Table joins are inner, outer, left, and right
The schematic diagram of the four connection modes is as follows:
The connection mode is specified by the How parameter
For the sake of illustration, assume that the two tables to operate on are A and B
The two tables used in this article are as follows:
League tables
Student Information Sheet
Let’s first look at the data situation for two tables
Import pandas as pd score_df = pd.read_excel(r 'c :\Users\admin\ desktop.xlsx ') print(score_df)Copy the code
result:
Student Id name score ranking 0 0 Xiaoming 90 3 1 1 Xiaogang 89 4 2 2 Xiaohong 98 1 3 3 Xiaolan 63 7 4 4 Li Hua 95 2 5 5 Zhang SAN 23 9 6 6 Li Si 56 8 7 7 Wang Wu 85 5 8 8 Xiao Zhang 72 6Copy the code
Stu_df = pd.read_excel(r'C:\Users\admin\Desktop\ XLSX ') print(stu_df)Copy the code
result:
0 Grade 3 Class 2 1 1 Grade 5 Class 3 2 2 Grade 6 Class 1 3 9 Grade 6 Class 1Copy the code
1. Inner connection
An inner join is the intersection of two tables, namely A∩B
Score_df = pd.read_excel(r 'c :\Users\admin\ desktop.xlsx ') stu_df = Pd.read_excel (r'C:\Users\admin\Desktop\ student info table. XLSX ') new_df = pd.merge(score_df, stu_df, how='inner') print(new_df)Copy the code
result:
Student Id Name Result Rank Grade Class 0 xiaoming 90 3 Grade 3 Class 2 11 Xiaogang 89 4 Grade 5 Class 3 2 2 Xiahong 98 1 Grade 6 Class 1Copy the code
The results only show the corresponding grades of the students in the student information table.

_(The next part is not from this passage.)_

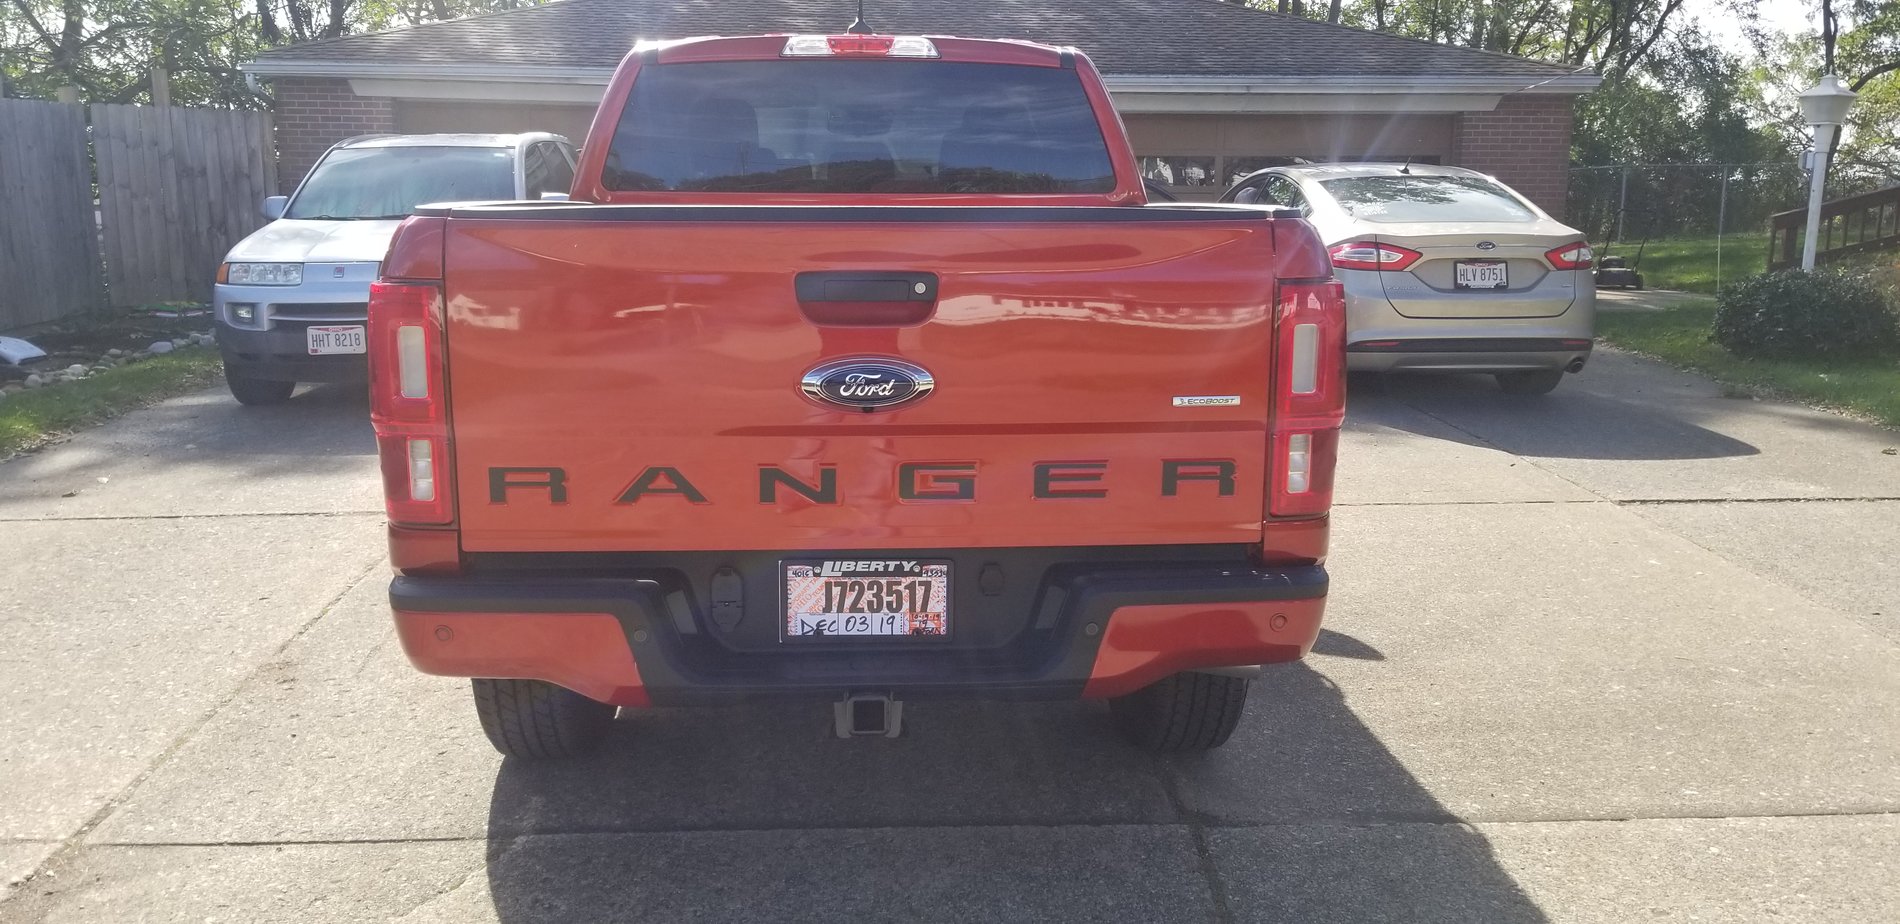 Ford Ranger HOT PEPPER RED Ranger Club Thread 20191019_122346

Neither the record of student number 9 in the student information table nor the record of Xiaolan, Li Hua and others in the student information table are displayed.
(2) outer connection
An internal join is A union of two tables, A∪B
Score_df = pd.read_excel(r 'c :\Users\admin\ desktop.xlsx ') stu_df = Pd.read_excel (r'C:\Users\admin\Desktop\ students.xlsx ') new_df = pd.merge(score_df, stu_df, how='outer') print(new_df)Copy the code
result:
Student No name Result Rank Grade Class 0 0 Xiaoming 90.0 3.0 Class 2, Grade 3 1 1 Xiaogang 89.0 4.0 Class 3, Grade 5 2 2 Xiaohong 98.0 1.0 Class 1, Grade 63 3 Xiaolan 63.0 7.0 NaN NaN 4 4 Li Hua 95.0 2.0 NaN NaN 5 5 zhang SAN 23.0 9.0 NaN NaN 6 6 Li Si 56.0 8.0 NaN NaN 7 7 Wang Wu 85.0 5.0 NaN NaN 8 8 Xiao Zhang 72.0 6.0 NaN NaN 9 9 NaN NaN NaN Class One, Grade sixCopy the code
The results will show information for all students, even if they don’t have grades (e.g. Xiao LAN, Li Hua, etc.). Similarly, for the score sheet, it will be displayed even if no student matches it (for example, records with student number 9).
3. Left connection
The left connection is to get A∪(A∩B)
Score_df = pd.read_excel(r 'c :\Users\admin\ desktop.xlsx ') stu_df = Pd.read_excel (r'C:\Users\admin\Desktop\ students.xlsx ') new_df = pd.merge(score_df, stu_df, how='left') print(new_df)Copy the code
result:
Student No. Name Result Rank Grade Class 0 0 Xiaoming 90 3 Grade 3 Class 2 1 Xiaogang 89 4 Grade 5 Class 3 2 2 Xiahong 98 1 Grade 6 Class 1 3 Xiaolan 63 7 NaN NaN 4 4 Li Hua 95 2 NaN NaN 5 5 Zhang 3 23 9 NaN NaN 6 6 Li 4 56 8 NaN NaN 7 7 Wang 5 85 5 NaN NaN 8 8 Xiao Zhang 72 6 NaN NaNCopy the code
The results show all the data from the score sheet, regardless of whether the student information sheet has a matching record. The record for school number 9 in the student information sheet is not displayed because the corresponding record is not found in the score sheet
4. Right connection
The right connection is going to get B∪(A∩B)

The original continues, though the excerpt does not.